If I made a program, and I wanted a random number.
I know it's not compleatly possible, since it takes numbers out of the ram.
Although there must be worse and better ways to do this.
What are the better ways do do it.

I love this topic. Random number generation is not only well discussed but then you have dozens of different kinds of random.

Are you aware of TRNGs and PRNGs?
https://en.wikipedia.org/wiki/List_of_random_number_generators

One of my tasks long ago involved a Gaussian random number generator. Some may call that OTR (other than random) and here's why it was needed. In production the spread was Gaussian so to simulate what would happen in real life, this was part of the simulation.

There are many fine off the shelf generators on the web, why do you need to create another?
Also, you have to define what efficient is. That can be the number of machine cycles or a statisical "correctness." You didn't say!

I love this topic.

I love this topic too. What I DON'T understand is why srand(time(NULL)) and rand, which is what we're all taught to use, are such lousy random number generators and you have to look elsewhere if you want decent random numbers. It's an interesting topic, but so many applications need good random numbers that I would have thought that some really, really smart people would study the issue (and they have) and simply provide the rest of us a nice simple standard way of doing it where we didn't have to research it ourselves and find one of the many "off the shelf generators on the web". I don't have to do that with vectors. I simply #include <vector>. If I'm not happy with the implementation, I can go find someone else's, but I'm provided with a standard one that works well. With random numbers, I'm not.

@AssertNull. I hear you.

And partly because asking for random alone is just the beginning of the question, no one has a simple one size fits all answer. That is, the random generators I've used have been picked by looking at the specification of the app we are creating. I supplied that Gaussein as an example.

Since I know there are many definations of random, that's why there's no good answer yet. The OP needs to reveal a lot more. Especially what "efficient" means to them. Again, one time it's CPU cycles, the next time it's the random number distribution and another time it's something else altogether.

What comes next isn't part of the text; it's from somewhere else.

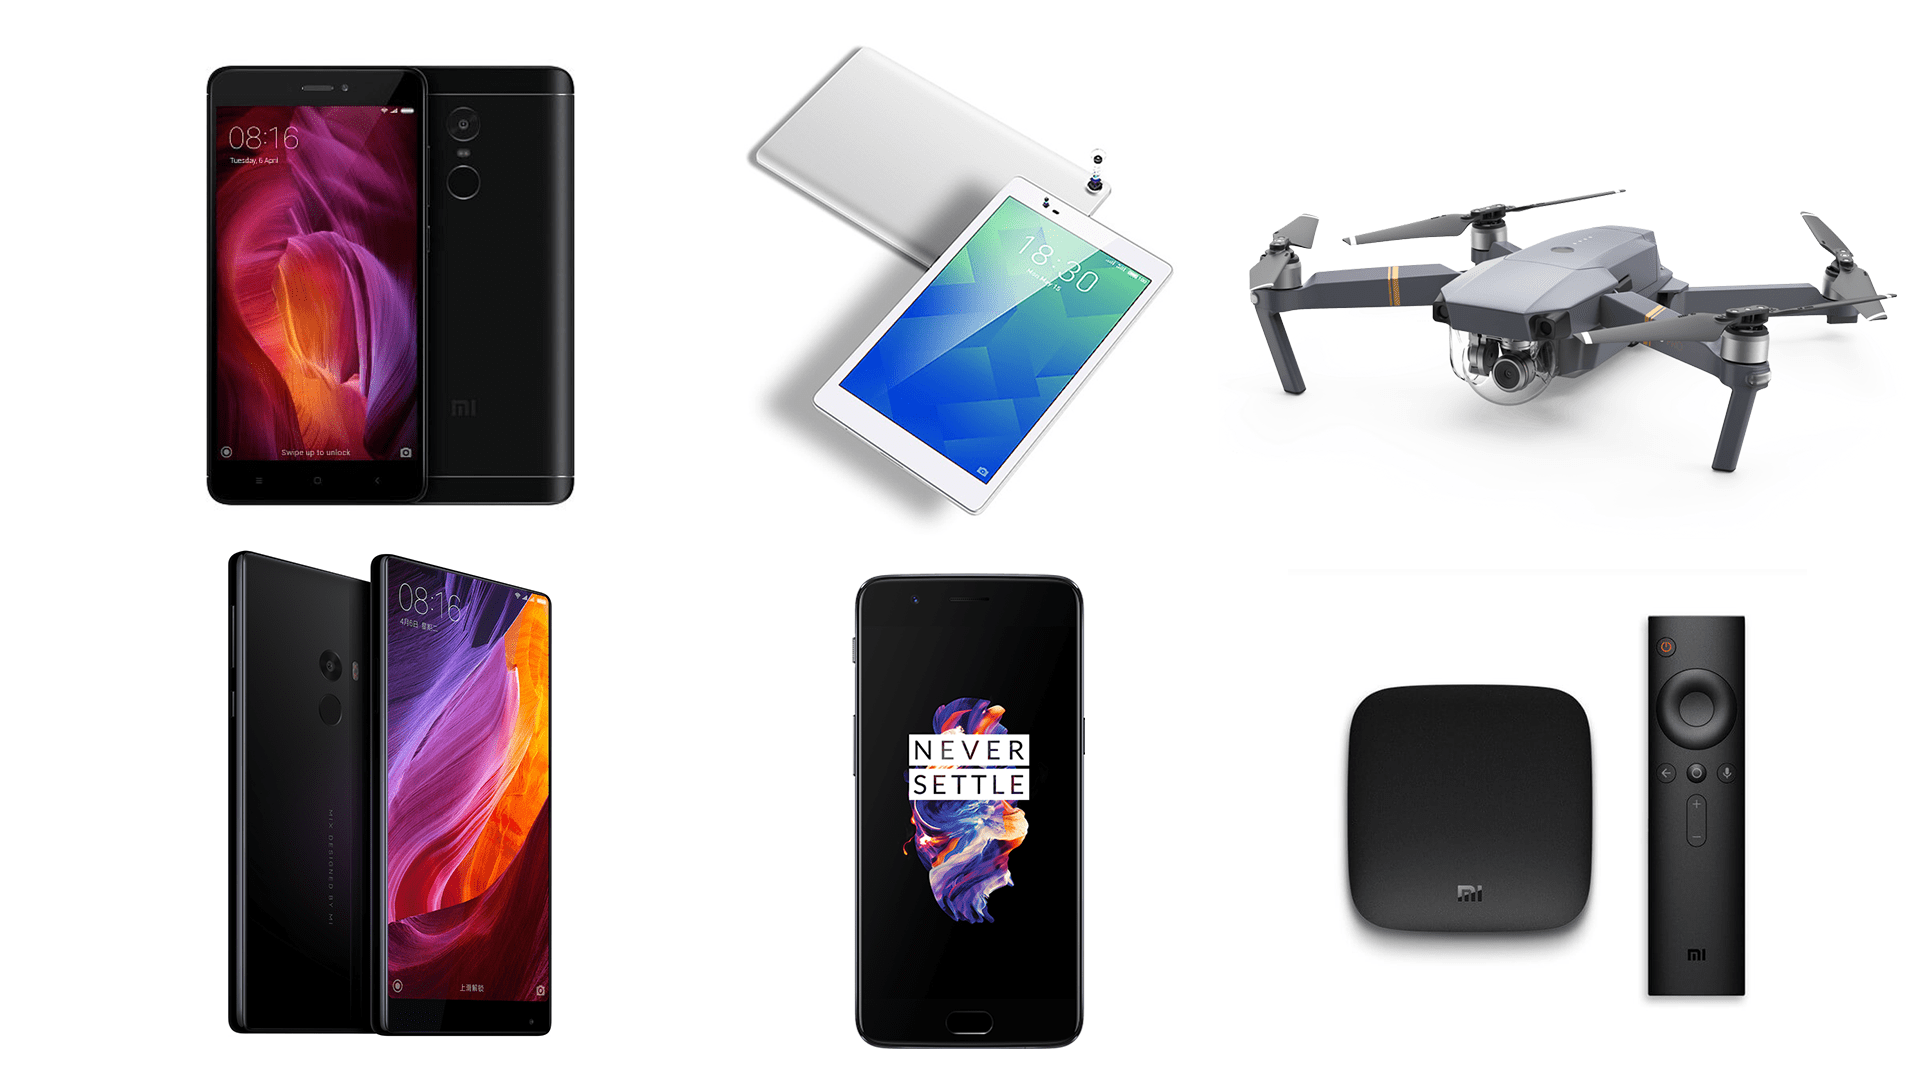 6 offres de la semaine sur GearBest : Xiaomi Mi Mix 2, Lenovo P8, Xiaomi Redmi Note 4, DJI Mavic Pro, One Plus 5 et Xiaomi Mi Box

What I DON'T understand is why srand(time(NULL)) and rand, which is what we're all taught to use, are such lousy random number generators

Probably for the same reason gets and atoi are so lousy. The interface was simple, they were "good enough" at the time, and time/experience changes what's considered acceptable in a library.

With random numbers, I'm not.

#include <random> is a move in the right direction, though I'd argue it's not "simple" due to a wide range of needs from an RNG and a bit of design by committee.

I helped a guy create a random number generator that kept track of keypress and mouse move/click times and some other "sorta kinda mostly might as well be random" stuff. He was gonna keep going with the project and do a bunch of statistical tests to see if it was truly random, publish a peer-reviewed paper, etc., etc., then his girlfriend stepped in and gave him the "I'm leaving you if you don't stop spending all of your free time on this stupid random number generator project" ultimatum. He had to think about it for longer than she probably would have liked, but eventually he picked her and very possibly the world of random number generation is the worse for it.

I predict this forum will now get a whole bunch of threads from 15-year-olds purportedly working on random generator projects and when you ask them for details and bring up your Gaussian example, they'll respond, "Yeah, I actually have the Gaussian part working, I'm just having problems installing the global keyboard hook so that no one can detect it".

commented: 1. Smart guy. 2. I see what you did there. +0
include <random> is a move in the right direction

Cool. Didn't even realize this was out there. I have to get familiar with the newer stuff. Thanks.